Too White to Remember

Narzissen by Pechstein Hermann Max

When I recall my childhood, things tend to appear in my mind in sunlit background, and everybody dear to me also tends to wear resplendent clothes. Those pictures in my mind are the amalgamation of those hot colors. And me there, was often a girl in bright colors exposed her arms to the sun without any awareness of sunburn.

That’s how my memory captures things, which is very unreasonable, very desultory.

But there’s a man who is framed in my mind in white.

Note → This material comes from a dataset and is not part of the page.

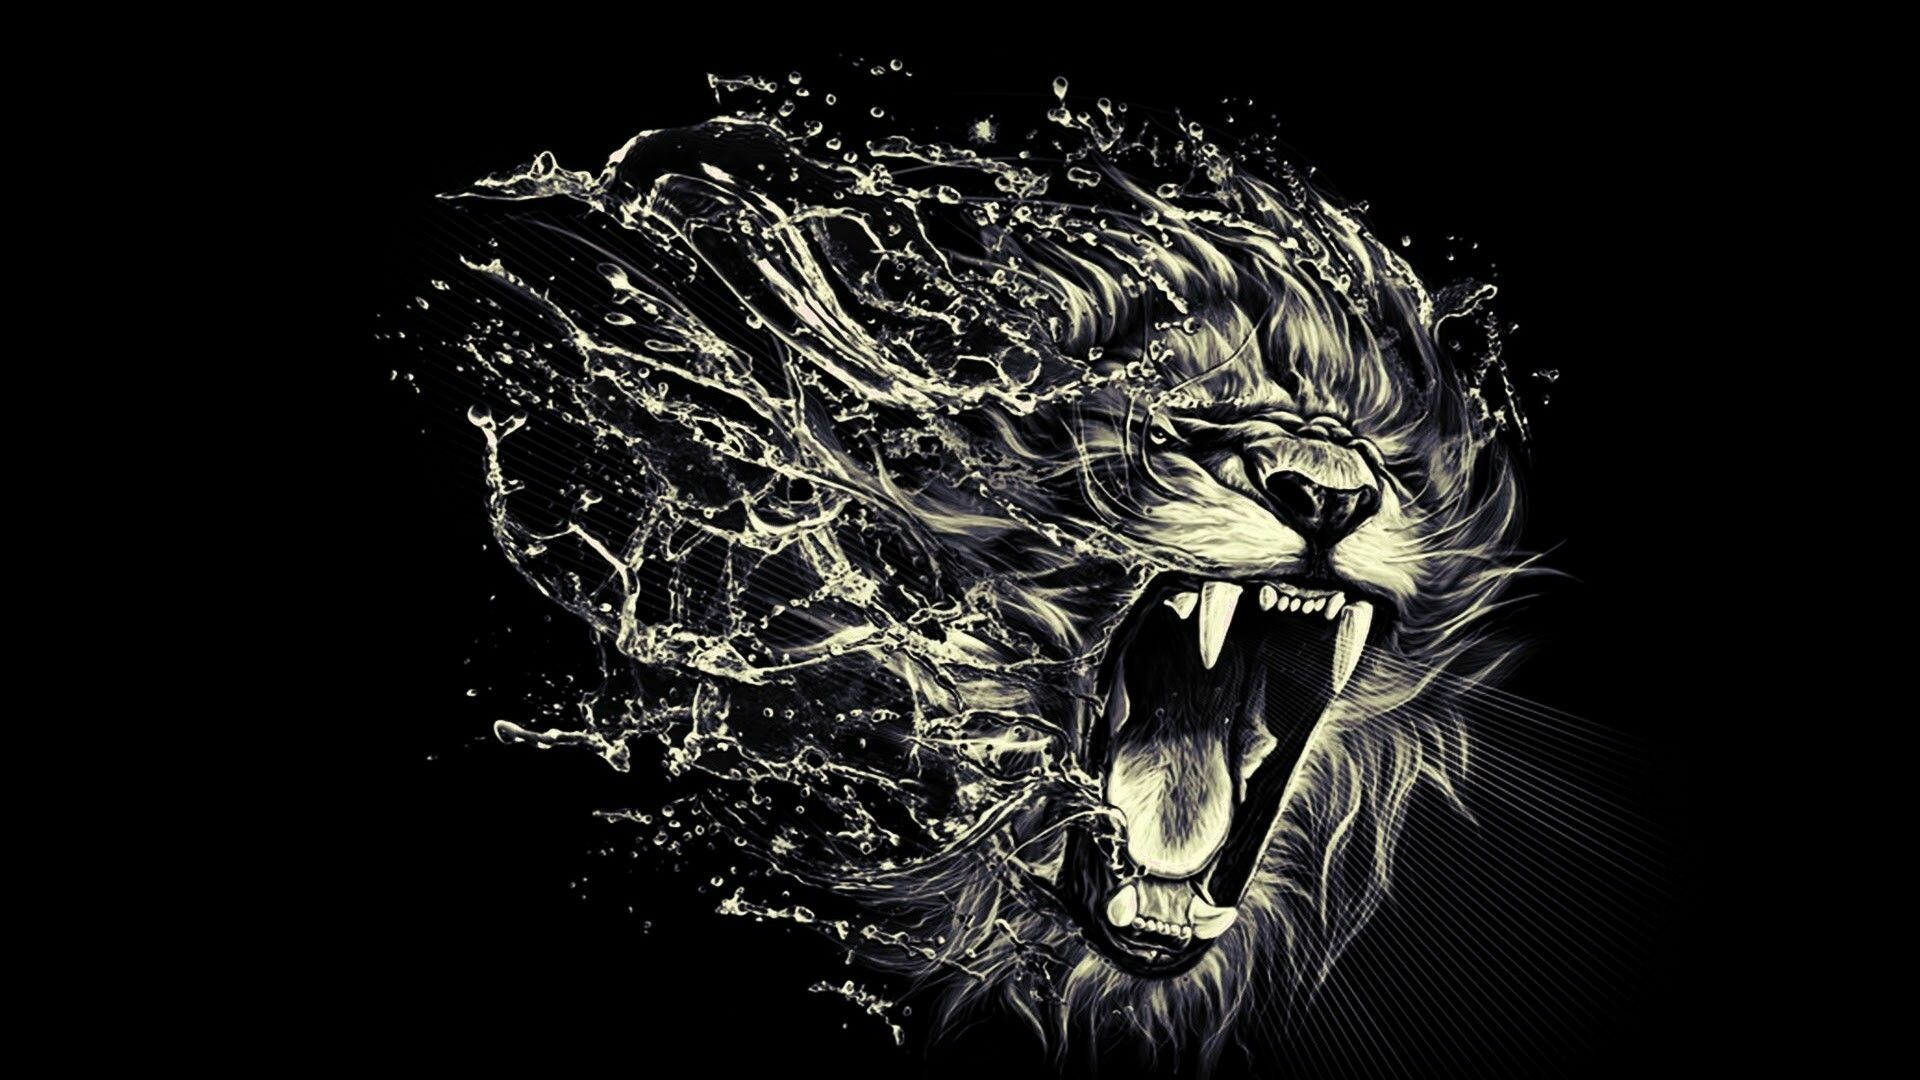 Cool Lion Wallpaper: HD, 4K, 5K for PC and Mobile. Download free image for iPhone, Android

He is not special to me, he is not the one I love, he is just a man supposed to be forgotten among other things that are jumbled together in my old world. When things faded away due to my memory’s frailty, the last things of him remaining in my memory and my imagination are his white T-shirt, his light skin and his white tooth when he smiled. All the times, he was sitting on the porch of his house, with his mother there who was busy with selling things to my mother. I smiled at him as a greeting, because as for me at that time, greeting with a smile is the best way ever to express politeness. Then he smiled, then in a few minutes, I smiled again and then, he laughed saying: “She’s smiling!!”. “She’s smiling” – the only thing he said or the only thing I remember he said.

Even when all of a sudden I came across him in the crowd many years after and found his skin was getting weather-beaten, his appearance in my mind has never changed. Even when I heard he has taken his own life after all, I will never distort my own memory of him. But I’ve kept wondering how he rummaged his memory for the most wonderful pieces in his life, how he embraced them the last time and then left them nowhere in his imminent errant soul, if he really did this. What if he woke up the last time in the hospital, realizing he had nothing to miss but his own death.